BRIEF DESCRIPTION OF THE DRAWINGS
[0027] The various objects, advantages and novel features of the
present disclosure will be more readily apprehended from the
following Detailed Description when read in conjunction with the
enclosed drawings, in which:
[0028] FIG. 1 shows a projection system according to an exemplary
embodiment with optical position detection means; and
[0029] FIG. 2 is a diagram that illustrates a relationship between
a detector position and displacement using a detector signal.
DETAILED DESCRIPTION
[0030] An exemplary projection system includes a laser 2 as light
source and a oscillating micromirror 1 in a housing 4 as shown in
FIG. 1. The light source can also be implemented by an LED or an
IR-LED. The laser 2 and the oscillating mirror 1 are actuated by a
control circuit 7. A laser beam directed at the mirror 1 is
two-dimensionally deflected by said mirror and emitted as a
projection light beam 6 or projection bundle through a projection
opening 5 in the housing 4.
[0031] In accordance with the exemplary embodiment, light-sensitive
components 3 give appropriate feedback to the control electronic
system 7 if a light beam is incident on it, and are secured in the
edge region of the projection light beam 6. Since the geometry of
beam steering is known, these pulses can be used to detect the
position of the mirror 1 and to determine whether the mirror 1 is
oscillating.
[0032] For implementation purposes, light-sensitive sensors 3 are
secured on the edges of the projection opening 5 inside the
projection housing 4. By way of example, these may be CCD/CMOS
sensors or other photoelements. If the projection beam strikes one
of the sensors 3, the latter supplies a pulse that is used in the
control circuit 7 as a synchronization signal and thus to determine
position so as to control the micro mirror 1.
[0033] In FIG. 1, sensors 3 are secured on both sides of the
projection opening 5. It is also possible that a single
photoelement 3 on one side is adequate, depending on the projection
method.
[0034] An arrangement in which the angle between the light beam
emitted by the laser 2 and the projection light beam 6 is
approximately 90.degree. is also shown in FIG. 1. An arrangement in
which the laser 2 is located near the projection opening 5 is also
possible. Here the angle between the light beam emitted by the
laser 2 and the projection light beam 6 is approximately 30
degrees.
[0035] One advantage of the projection system according to the
embodiment is that the projection beam is at the same time used to
determine position. Thus it is also possible during a projection to
constantly monitor whether the mirror is oscillating.

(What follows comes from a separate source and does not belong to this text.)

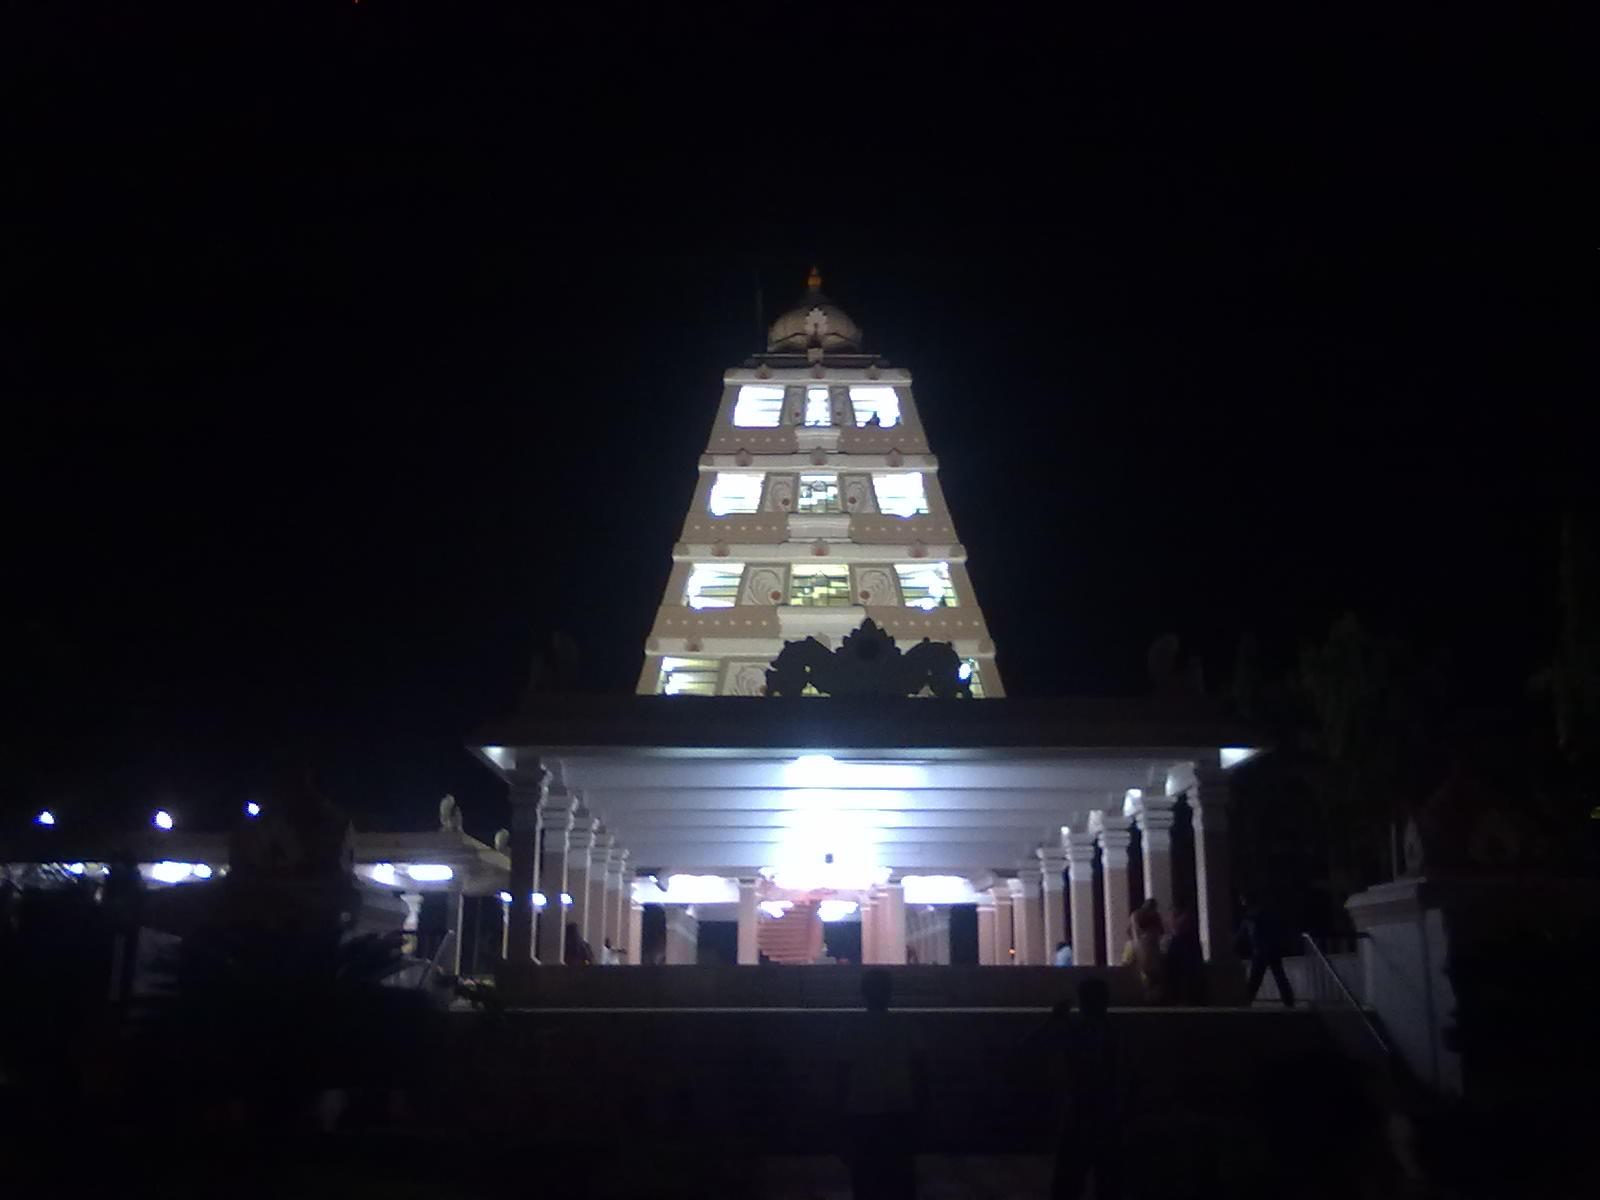 Rajarajan Manimandapam at dusk

[0036] If the intention is to determine outside a projection
operation whether the mirror is oscillating, for example after
switching on the projector, the laser needs to be operated at
reduced output for this purpose, so as to avoid exceeding the
radiation protection limit values. The output can be reduced, for
example, by a pulse width modulation of the laser beam.
[0037] In a further development of the invention, the actual mirror
position is measured by photoelectric elements or light-sensitive
sensors 3 at the image edge and using a brightness modulation of
the light source. This modulation can be a random pattern or else a
regular signal with a specific characteristic. The modulation is
controlled in the control circuit 7.
[0038] The characteristic can here be determined, for example, by a
counter content or a line number. It is reasonable if the
modulation of the projection light bundle 6 in the steady state is
used only outside the active area in the image edge.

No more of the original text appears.